Movimento pressiona governo federal por desapropriações, pagamento de área em Nova Olímpia e liberação de recursos
Da Redação
Cerca de 200 integrantes do Movimento dos Trabalhadores Rurais Sem Terra (MST) ocuparam nesta terça-feira (13) a sede do Instituto Nacional de Colonização e Reforma Agrária (Incra), em Cuiabá, para cobrar avanço em processos de reforma agrária em Mato Grosso.
A mobilização reúne famílias de cinco acampamentos do estado. Segundo o MST, mais de 500 famílias aguardam definição sobre assentamentos, algumas há mais de 15 anos.

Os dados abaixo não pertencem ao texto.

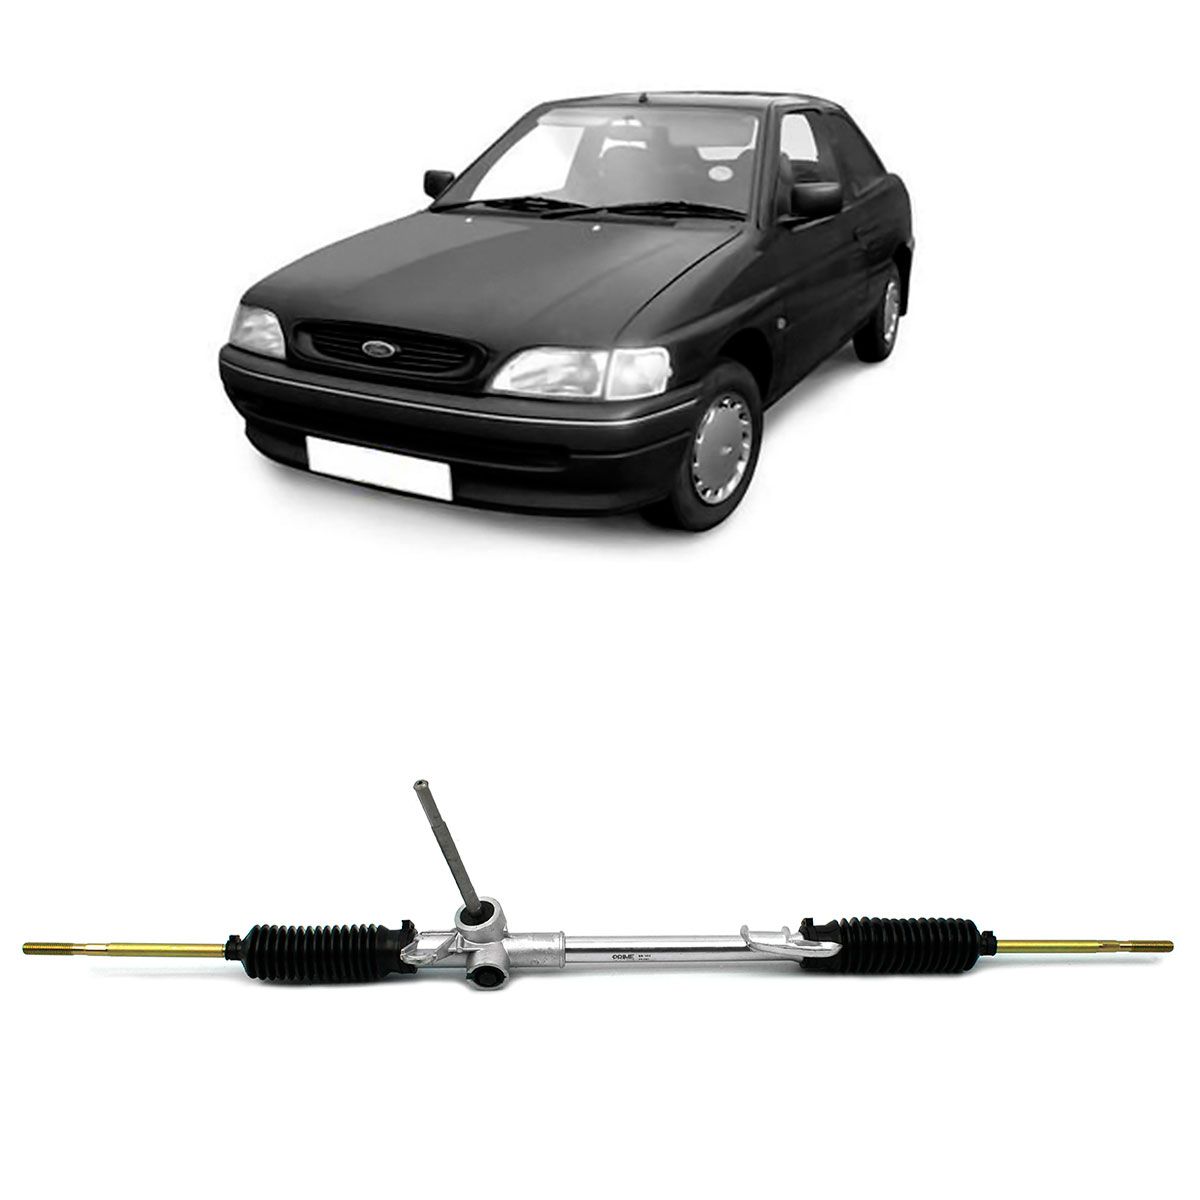 Caixa de Direção Mecânica Ais Prime Ford Escort e Verona / Volkswagen Logus e Pointer de 1993 até 1997

A principal cobrança envolve a Fazenda Santa Cecília I e II, em Nova Olímpia. A área foi declarada de interesse social para fins de reforma agrária por decreto assinado pelo presidente Luiz Inácio Lula da Silva (PT) em janeiro deste ano, mas o movimento afirma que o pagamento da indenização ao proprietário ainda não foi concluído.
Sem essa etapa, segundo o MST, o assentamento das famílias não pode avançar. A área tem cerca de 2,3 mil hectares e valor estimado em aproximadamente R$ 25 milhões.
“O principal ponto é o pagamento da área Santa Cecília, que já foi decretada para desapropriação pelo presidente Lula no início do ano, mas até agora não houve pagamento e nem previsão”, afirmou o coordenador do MST em Mato Grosso, Valdeir Souza.
O movimento afirma que permanecerá no prédio até receber retorno sobre a pauta apresentada ao Incra e ao Ministério do Desenvolvimento Agrário (MDA).
Além da Fazenda Santa Cecília, o MST cobra prioridade em negociações envolvendo áreas em Juscimeira, Guiratinga e Nortelândia. O grupo também pede liberação de recursos para o curso de Psicologia do Pronera em parceria com a Universidade Federal de Mato Grosso (UFMT), além de discutir crédito rural para assentamentos.
Entre os pedidos está a realização de uma audiência na primeira quinzena de junho com representantes do governo federal e lideranças políticas de Mato Grosso. O movimento cita a ministra do Desenvolvimento Agrário, Fernanda Machiaveli, o presidente nacional do Incra, César Aldrighi, o senador Carlos Fávaro (PSD), os deputados estaduais Valdir Barranco e Lúdio Cabral, além da presidente do PT em Mato Grosso, Rosa Neide.
O MST afirma que nenhum novo assentamento foi criado em Mato Grosso durante a atual gestão federal, apesar de negociações iniciadas desde 2023 e de processos considerados avançados pelo movimento.
Em nota, o Incra informou que as demandas apresentadas já vêm sendo discutidas com as lideranças do MST e que a maioria dos processos mencionados foi encaminhada pela superintendência regional à sede nacional do órgão, em Brasília.
A autarquia afirmou que os encaminhamentos técnicos e administrativos já foram realizados e lamentou a ocupação da sede em Cuiabá sem aviso prévio.
“O Incra reforça seu compromisso com o diálogo e a transparência, permanecendo à disposição para esclarecimentos adicionais”, informou o órgão.
A ocupação ocorre no ano em que o MST relembra os 30 anos do Massacre de Eldorado do Carajás, episódio ocorrido no Pará em 1996 e considerado um marco histórico da luta pela reforma agrária no país.